Thursday, November 18, 2010

an introduction...

A month or two ago, or perhaps it was a few months (you know how fast time passes us by these days), my friend Jenna suggested that I "PLEASE write [my] thoughts into a book!"... Well it's not a book, but a blog is a definite start!! It is something that I've been meaning to do for a long, long time now... I guess I could use the excuse that "life got in the way", a pretty damn great excuse I say :-)

Three years ago now (Wow, 3 years already??!!), I spent an extensive period of time travelling and living in Canada. The first town I "settled" in was Banff - a town an hour and a half from Calgary, Alberta, located within the Canadian Rocky Mountains. I actually specifically remember that first bus ride into those mountains for the very first time, amazed at the size of the magnificent mountains beautifully blanketed in white from the freshly fallen snow, not quite believing I was actually going to be living there!! A long-winded introduction to the explanation of the title for this blog... I met and worked with an Irish man, Gary, for 7 months. Pretty much every day we'd experience something new or unexpectedly find out a new fact, and Gary's immediate response would be, "Everyday's a school day!"

It's true though. We are all living a continuous lesson. Our experiences constantly shape and develop our lives, and our personalities.

After a much needed job change, and now working as a nanny for two different families, I am amazed everyday at the astonishing pace the 15 month old boy I look after is growing, developing and learning. Who knew that on Monday when he was walking 3 or 4 steps at a time on his own that by the following Monday he'd be walking practically everywhere!! In ONE week?? How quickly we change!! How quickly life changes us!!

I am back at University studying a second degree.

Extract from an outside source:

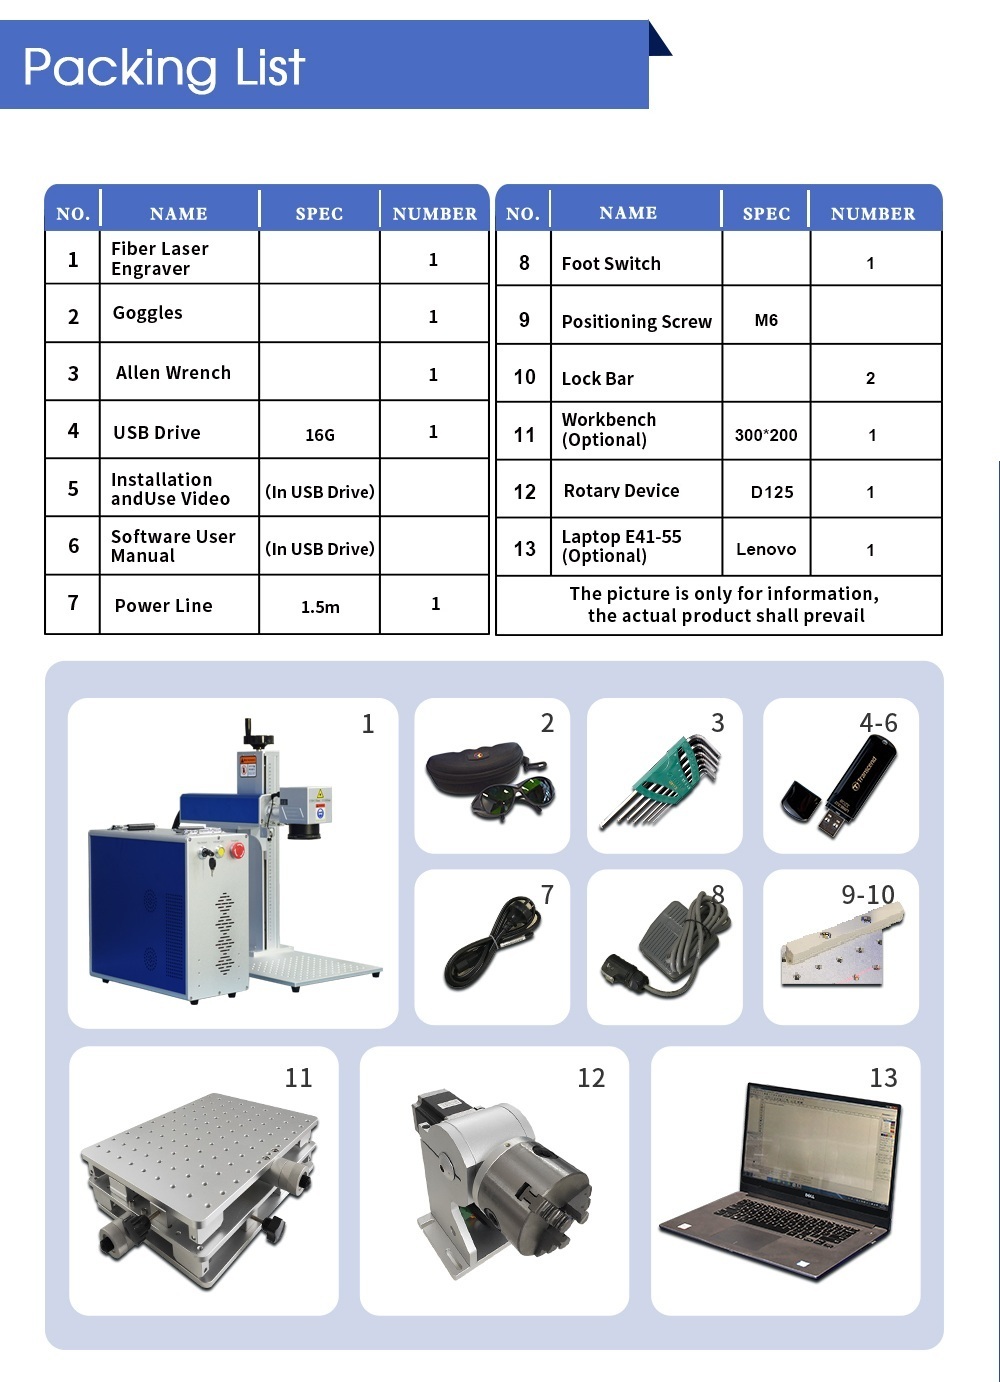 SFX Laser 60W JPT MOPA M7 Fiber Laser Marking Engraver Machine  (YDFLP-60-M7-M-R)

This time it's a Bachelor of Health Science. I'd forgotten how wonderful it was to work our brains; to study and fill our minds with new knowledge and ideas. And upon reflection, my happiest times are when I am consciously, actively learning and making new discoveries. Travelling provides that, as does opening a textbook, visiting a museum or an art gallery. My financial situation may not allow me to jump on a plane anytime soon (as would be one of my wishes!), but my new texbooks are currently providing plenty of stimualation, shaping and developing my thoughts on topics I once knew absolutely nothing about!!

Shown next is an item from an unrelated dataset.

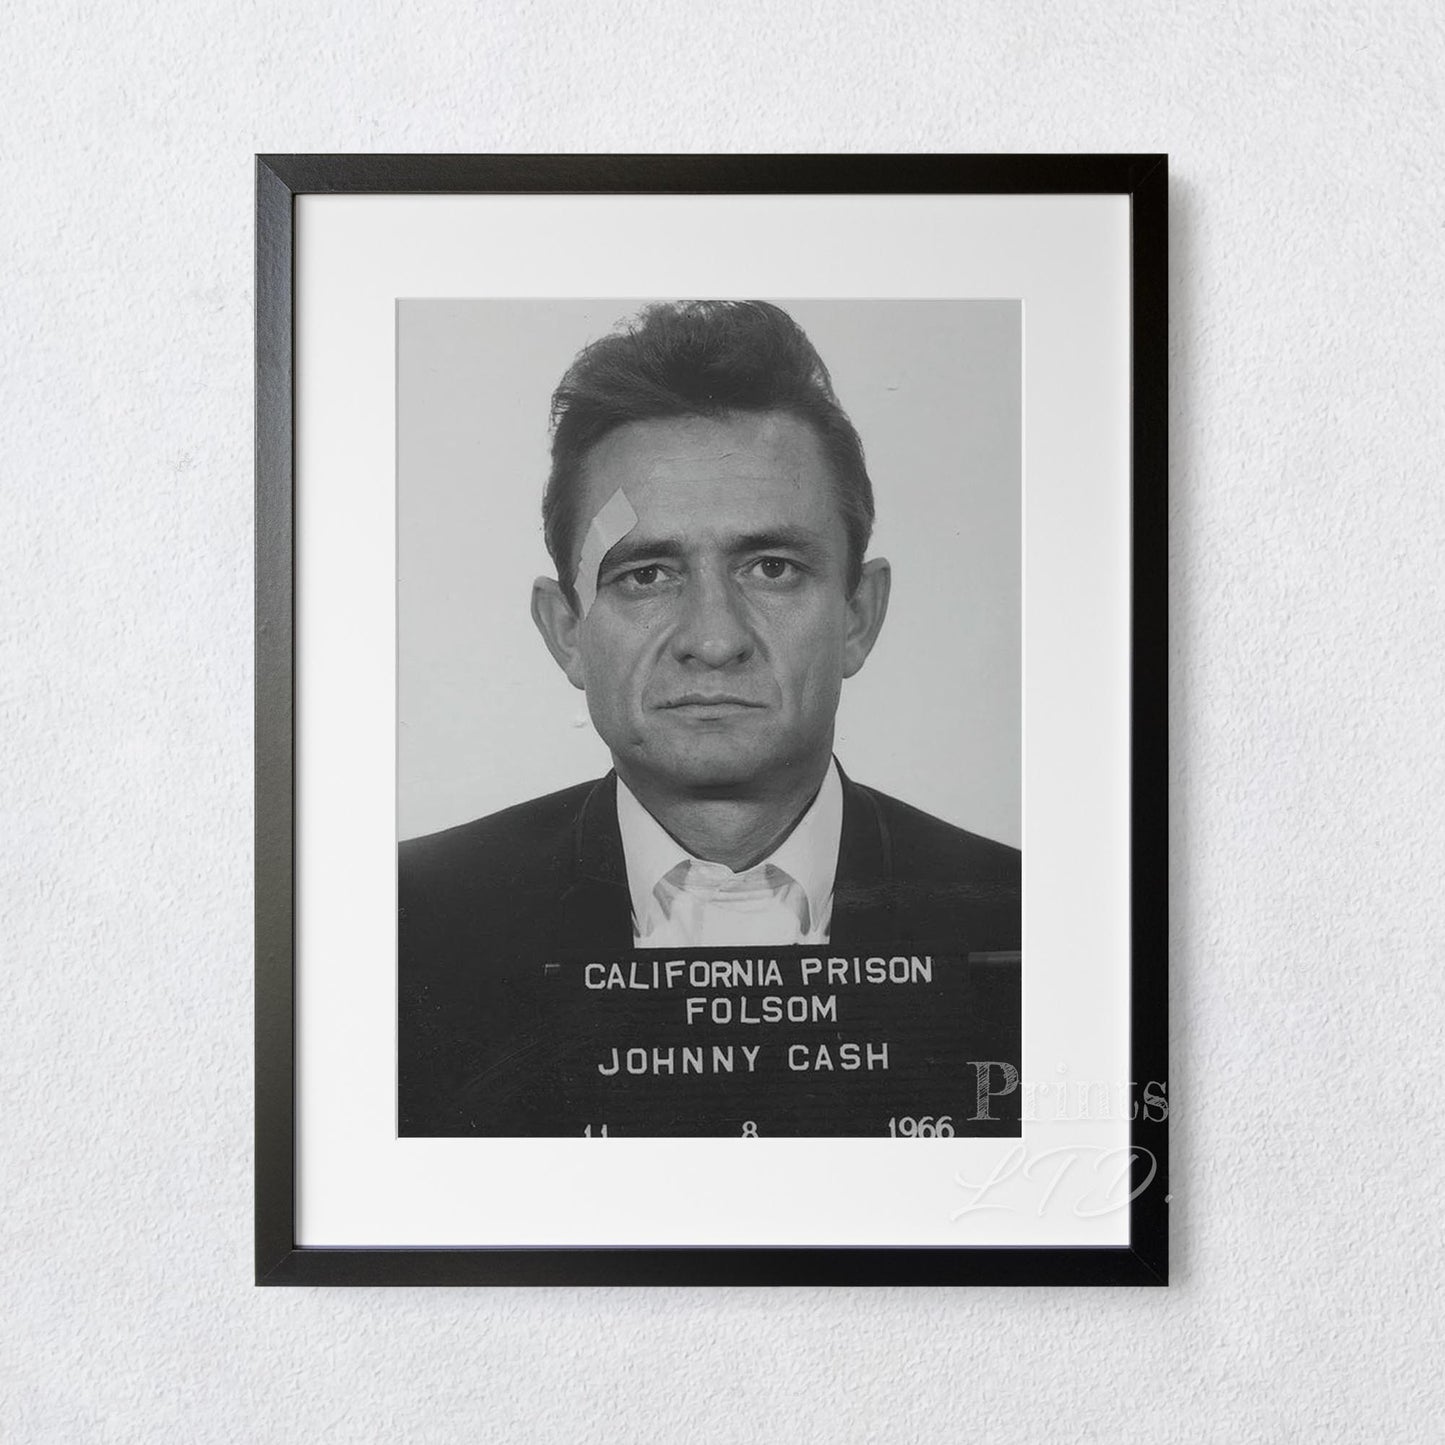 Johnny Cash Prison Mugshot

I like how blogs leave a little question or statement upon their completion that encourages the reader to reflect on what they have just been reading... sooo I'm going to make that a "feature' of mine too!!

... What have you learned this "school" day??

I'm still stocked after reading about the solar system earlier this year - all the maps we see of it ARE NOT DRAWN TO SCALE!! This is really showing my ignorance I know, BUT, I cannot for the life me ever remember being told that the pictures they showed us in school were not a fair representation of how the solar system actually looks.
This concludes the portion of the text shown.